In modern research, conventional electron accelerators have become a crucial tool. The majorly bright radiation produced by synchrotrons, or free electron lasers, supplies unique insights into matter at the atomic level. However, even the smallest versions of these super microscopes resemble the size of a soccer field.
In a so-called target chamber, the light pulse of the high-performance laser DRACO hits a gas-jet. The aim is to accelerate electrons to almost the speed of light on a distance shorter than a pencil's width. Foto: HZDR / F. Bierstedt
An alternative could be offered by laser plasma acceleration: with a much smaller footprint and extremely higher peak currents it could be the basis for the modern generation of compact light sources. Until now, the challenge with laser accelerators has been to develop a stable and reliable electron beam, which is considered to be the prerequisite for potential applications. A method to increase both beam quality and stability has now been developed by Physicists at the
Helmholtz-Zentrum Dresden-Rossendorf (HZDR).
The fundamental principle of laser acceleration seems to be quite simple: A bundled, ultra-strong laser beam hits a trace of gas, which immediately develops plasma – an ionized state of matter also referring to a whirling mix of charged particles. Electrons are pushed away from their parent ions by the power of the light pulse, thus developing a kind of bubble-like structure with a powerful electric field in the plasma.

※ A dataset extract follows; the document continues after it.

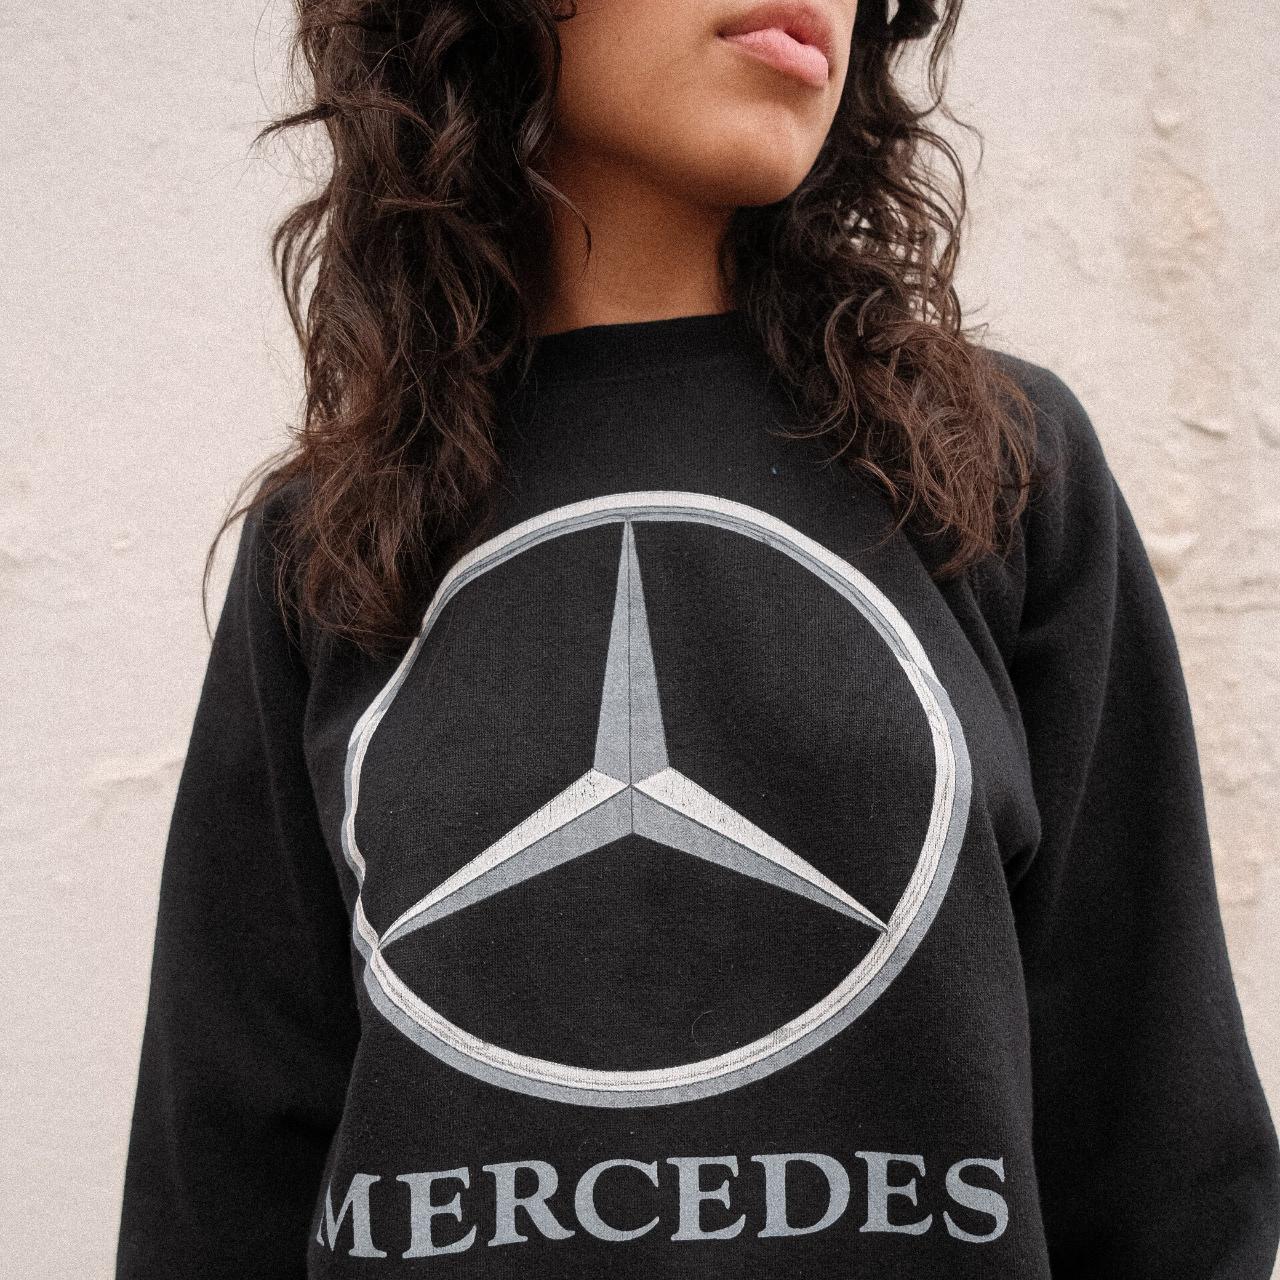 Product Image 2 - Clean and simple 1980s Mercedes

This field is dragged behind by the laser pulse like a stern wave, and it traps the electrons, accelerating them to practically the speed of light.
These speedy particles allow us to generate x-rays. For instance, when we make these electron bundles collide with another laser beam, the impact generates bright, ultra-short x-ray flashes – an immensely valuable research tool for examining extreme states of matter.
Dr. Arie Irman, the HZDR Institute of Radiation Physics
Right Time + Right Place = Perfect Acceleration
The strength of the secondary radiation majorly relies on the electrical current of the particles. In turn, the current is regularly determined by the number of electrons fed into the process. Thus, laser-powered acceleration holds immense potential since it reaches considerably higher peak currents when compared with the standard method.
However, as Physicist Jurjen Pieter Couperus highlights, the so-called beam loading effect kicks in,
These higher currents create an electric self-field strong enough to superimpose and disturb the laser-driven wave, distorting thereby the beam. The bundle is stretched out and not accelerated properly. The electrons therefore have different energies and quality levels.” However, in order to use them as a tool for several other experiments, it is necessary for each beam to have the same parameters. “The electrons have to be in the right place at the right time,” summarizes Couperus, who is a Ph.D. candidate in Irman’s team.
The two Researchers, in partnership with other colleagues at the HZDR, were the first to show how the beam loading effect can be exploited for enhanced beam quality. A bit of nitrogen is added to the helium at which the laser beam is generally directed.
We can control the number of electrons we feed into the process by changing the concentration of the nitrogen. In our experiments, we found out that conditions are ideal at a charge of about 300 picocoulomb. Any deviation from it – if we add more or fewer electrons to the wave – results in a broader spread of energy, which impairs beam quality.
Dr. Arie Irman , the HZDR Institute of Radiation Physics
The Physicists’ calculations demonstrate that experiments under perfect conditions yield peak currents of about 50 kA.
“To put this in context, only about 0.6 kiloamperes flow through the standard overhead line for a German high-speed train,” Jurjen Pieter Couperus explains. He is indeed confident that they will be able to beat their own record, “Using our findings and a laser pulse in the petawatt range, which our high-intensity laser DRACO can achieve, we should be able to generate a high-quality electron beam with peak currents of 150 kiloamperes. That would exceed modern large-scale research accelerators by about two orders of magnitude.” An achievement which the Researchers from Dresden believe would make way for the modern generation of compact radiation sources.